What is required - Starting at the line that has "Mump 0311 10" and stopping after the line that has "HAVAIANAS Rubber Logo", reproduce the listing below exactly; omit everything else.

Data for the task -

____

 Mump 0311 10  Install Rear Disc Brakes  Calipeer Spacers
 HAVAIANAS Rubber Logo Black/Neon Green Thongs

____

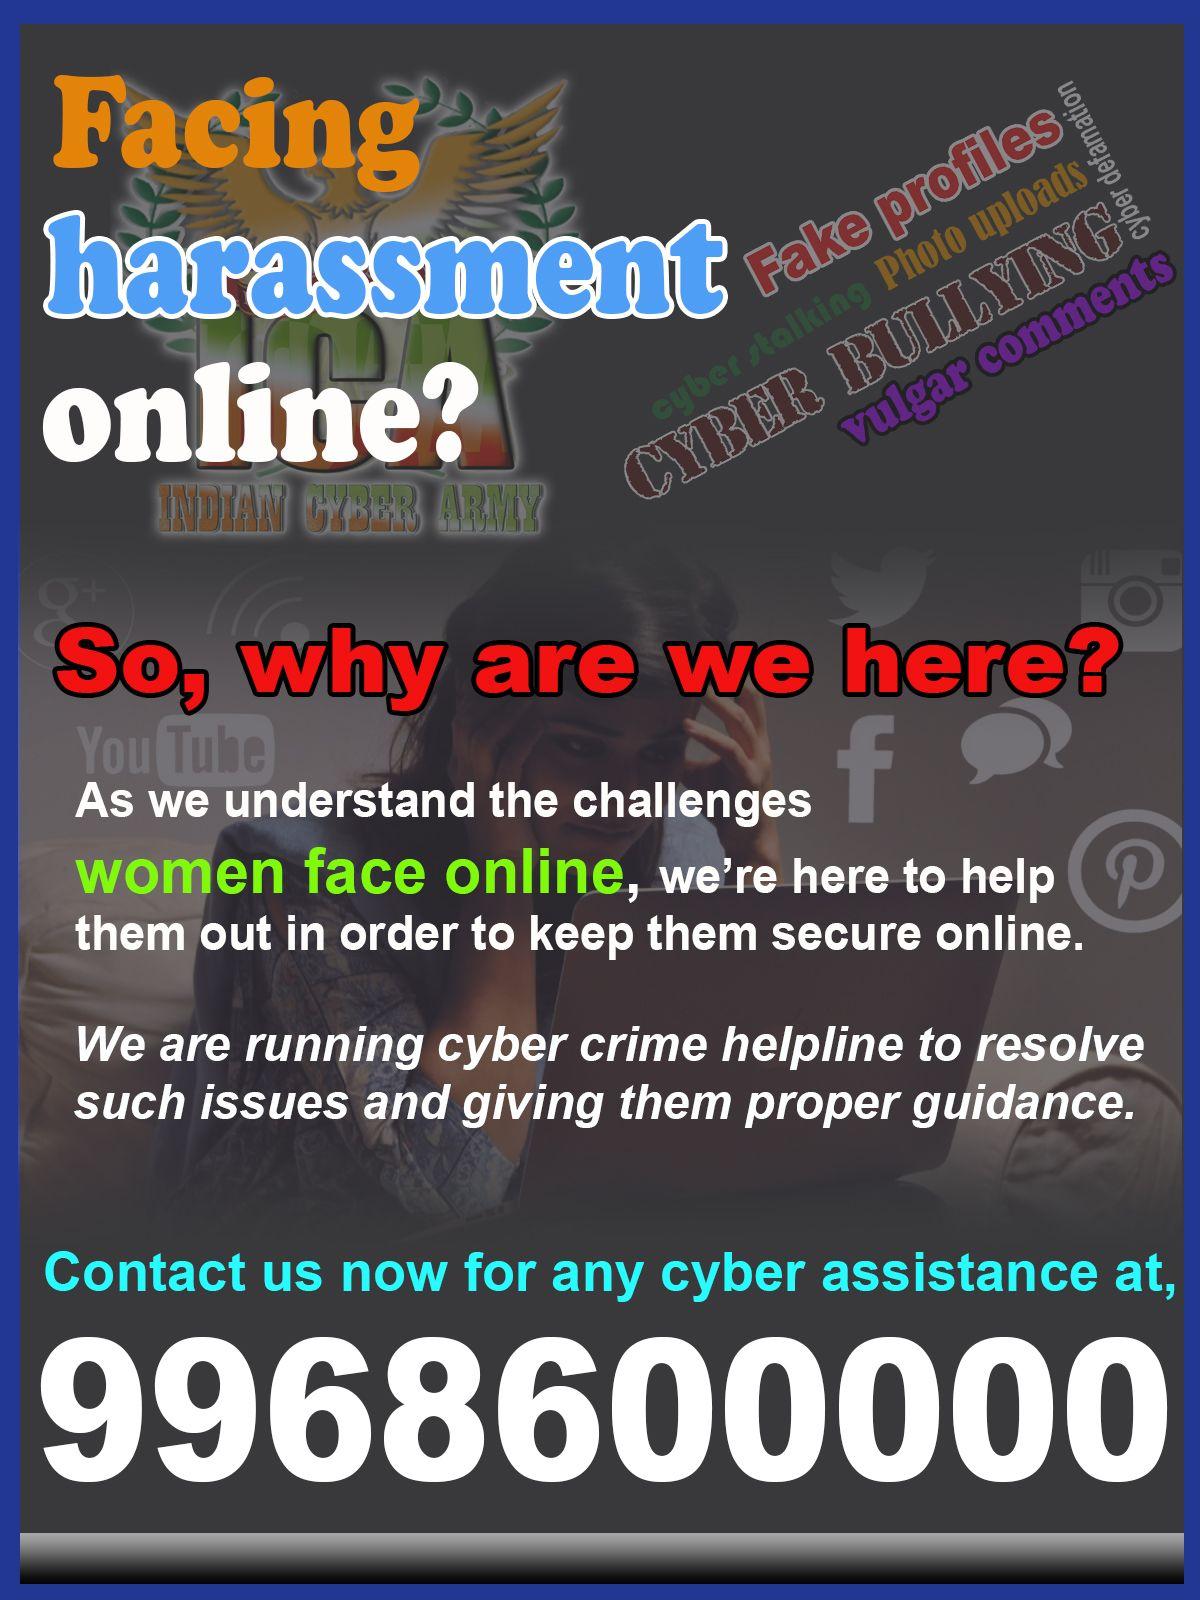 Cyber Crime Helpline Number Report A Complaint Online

____

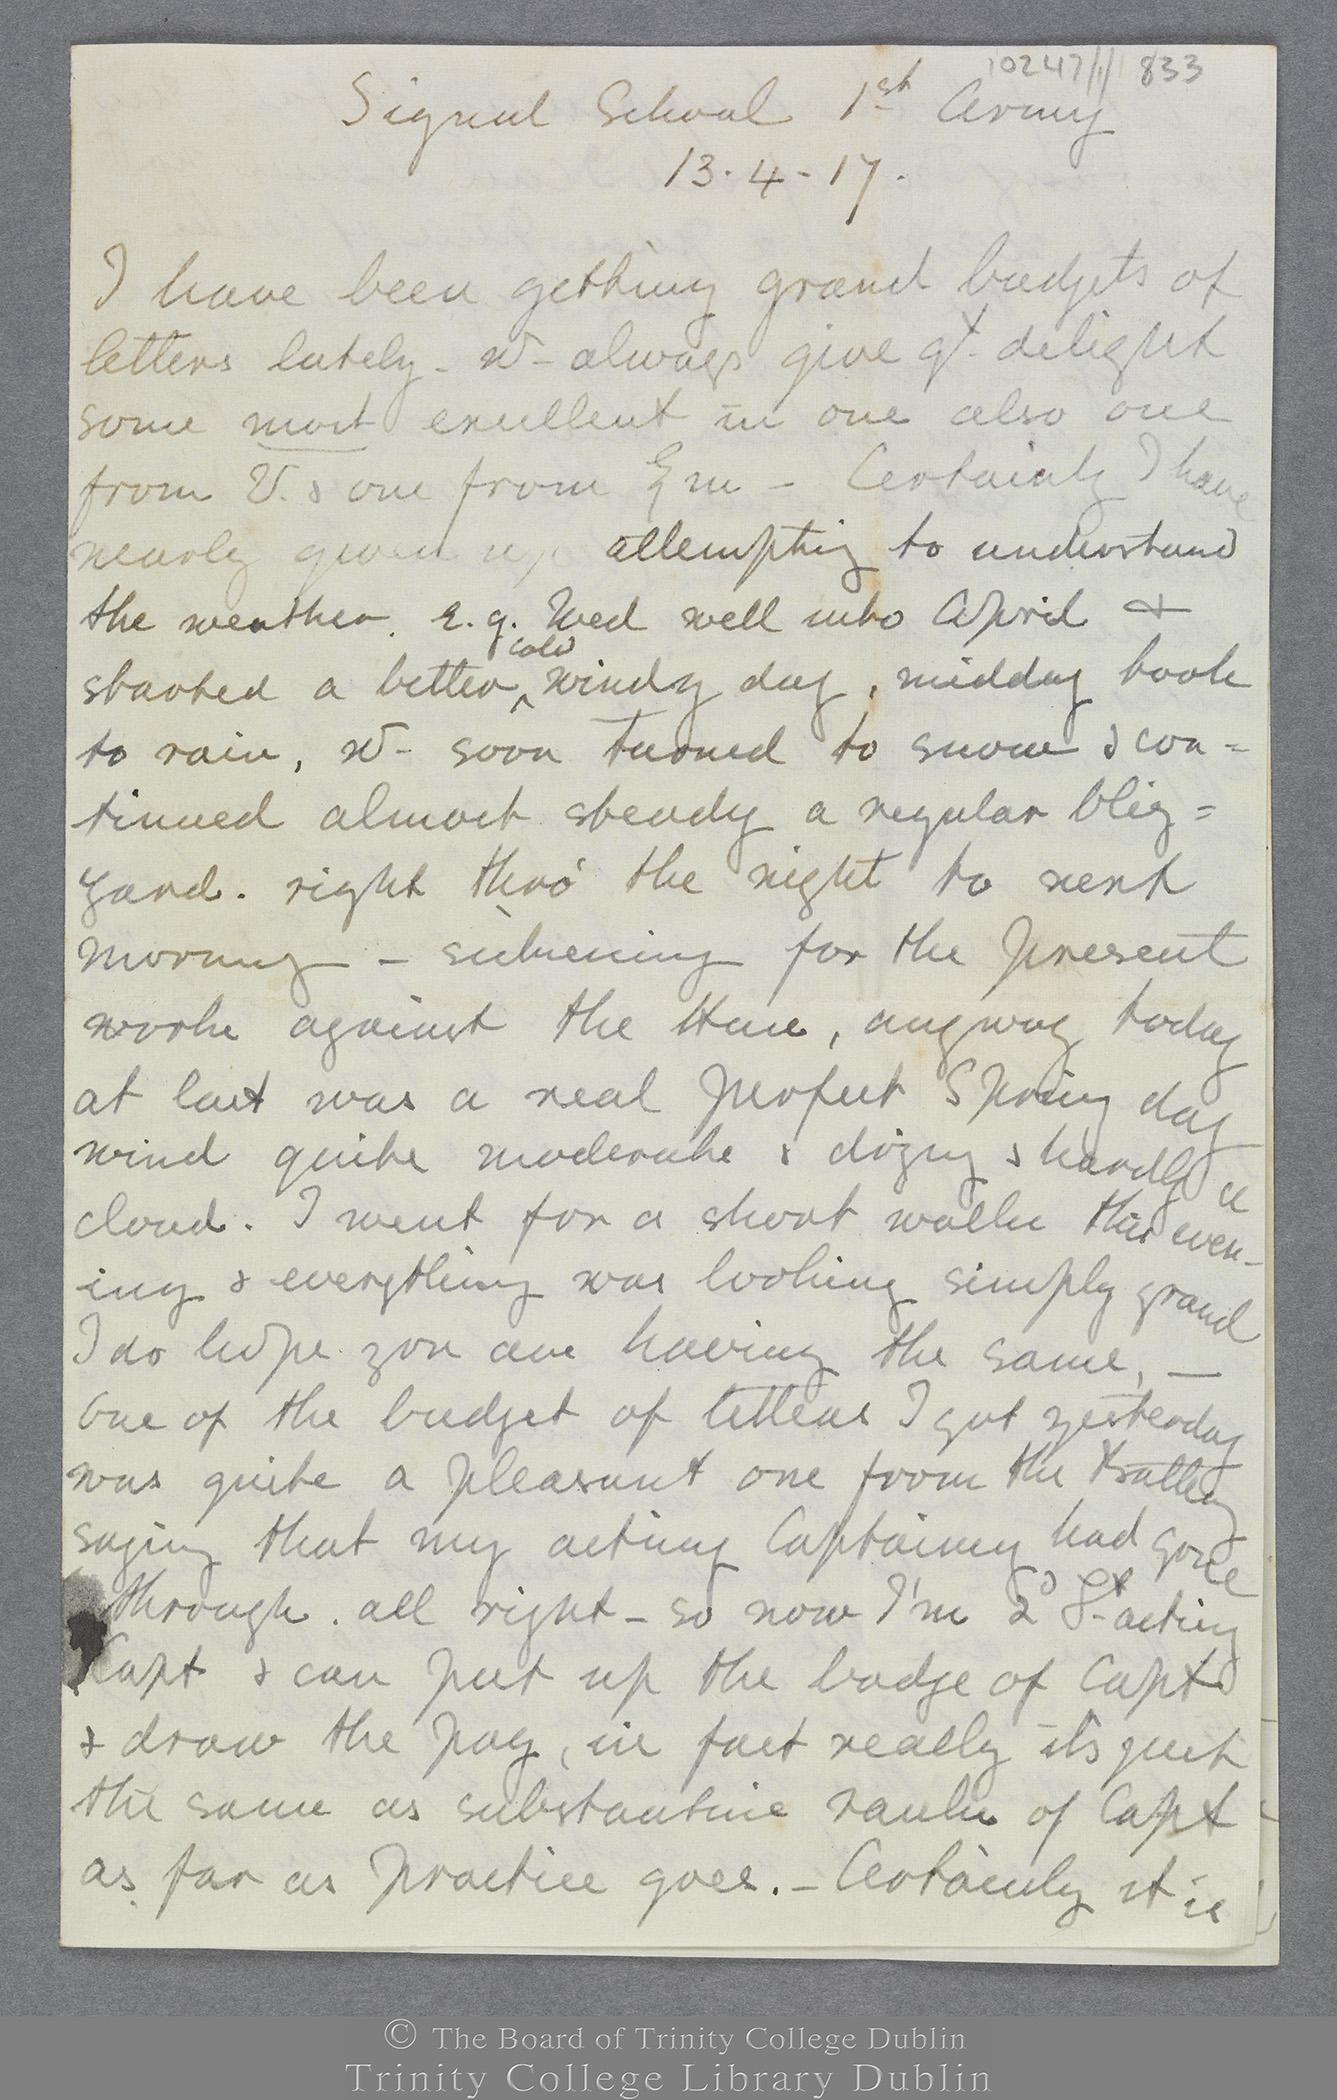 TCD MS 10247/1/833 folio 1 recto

____

Solution for this problem -
 Mump 0311 10  Install Rear Disc Brakes  Calipeer Spacers
 HAVAIANAS Rubber Logo Black/Neon Green Thongs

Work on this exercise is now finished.